◆ Task prompt: Your answer must be exactly the lines from the one containing "Immigrants from Western" through the end of the material, both ends included, without pictures.

◆ Dataset extract:
-- Opening Marker --
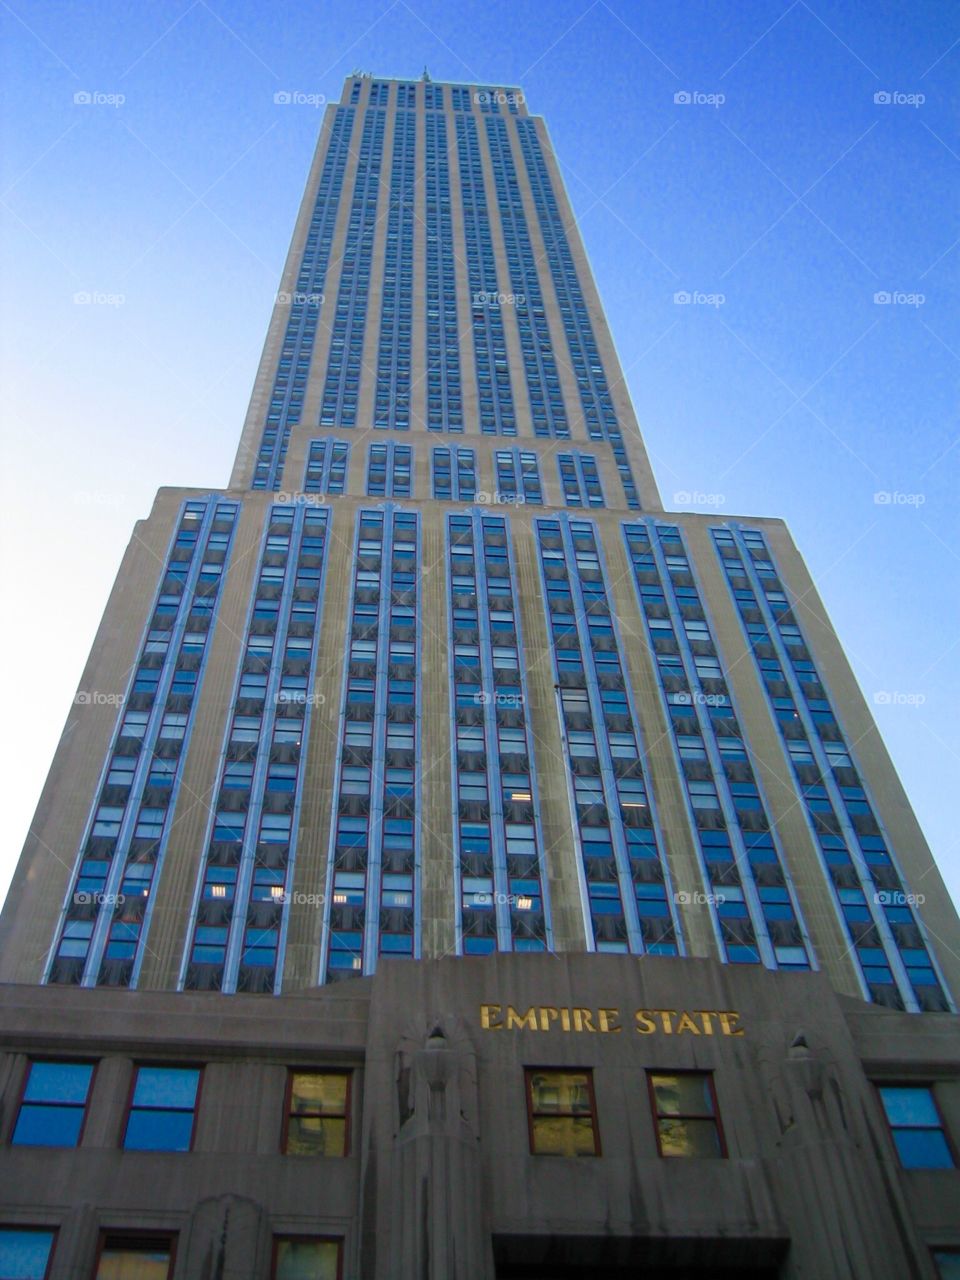 Empire State Building front view
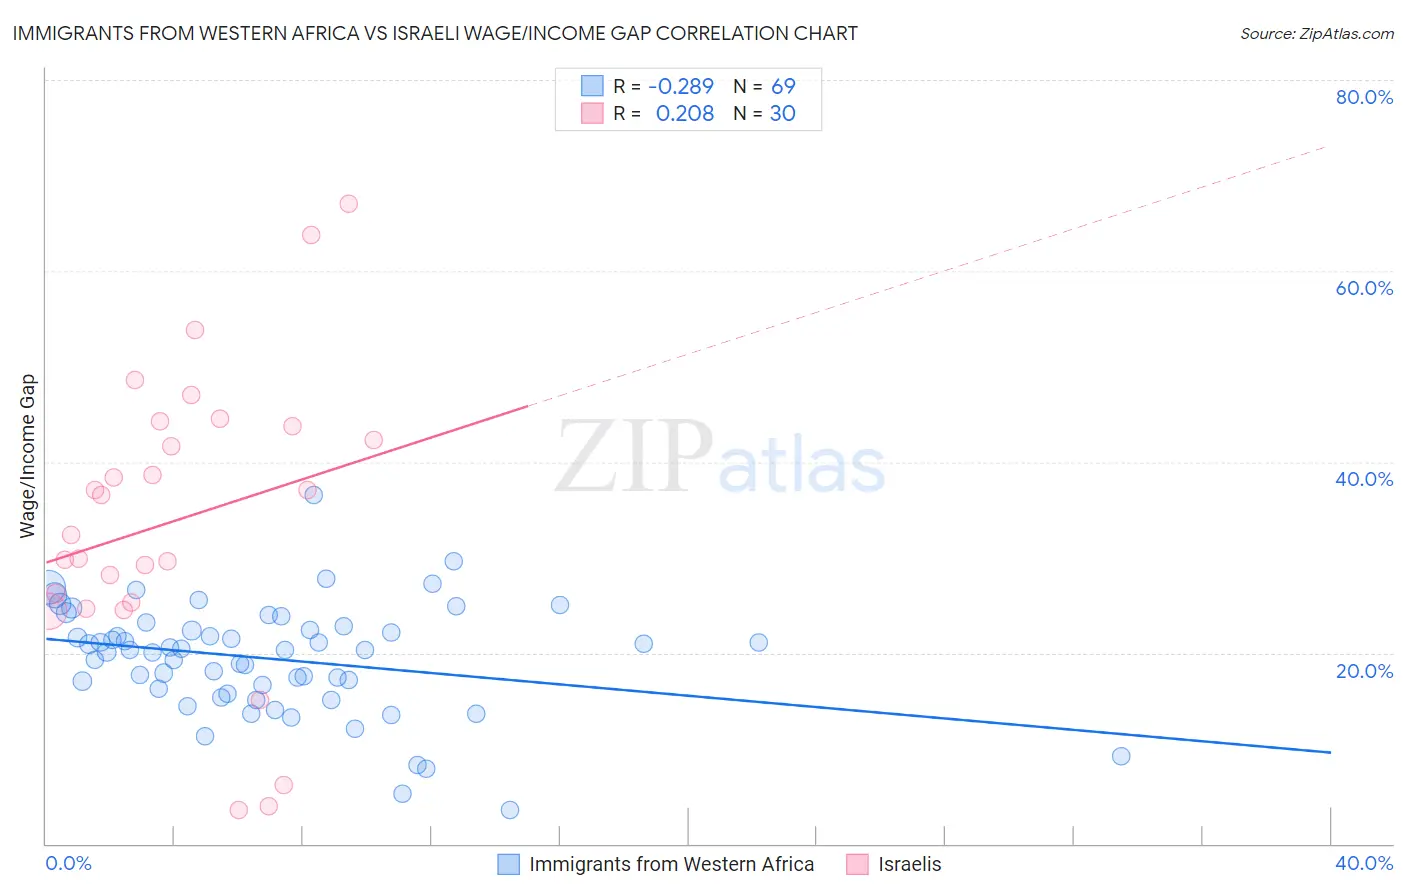 Immigrants from Western Africa vs Israeli Wage/Income Gap
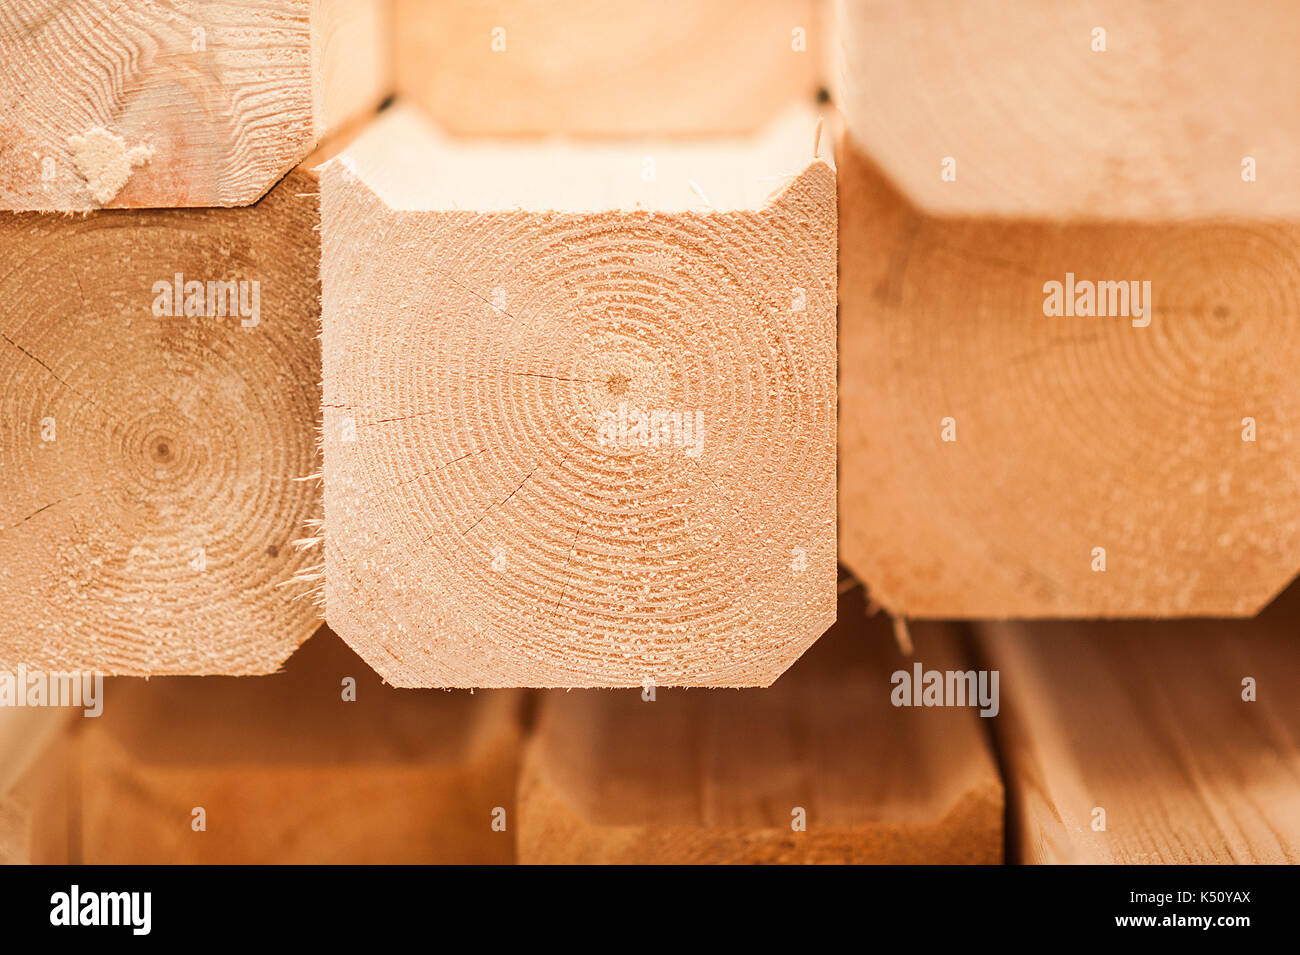 lumber industrial wood texture, timber butts background. Butt end of a processed wooden beam. many elements Stock Photo
-- Closing Marker --
◆ Task answer:
 Immigrants from Western Africa vs Israeli Wage/Income Gap
 lumber industrial wood texture, timber butts background. Butt end of a processed wooden beam. many elements Stock Photo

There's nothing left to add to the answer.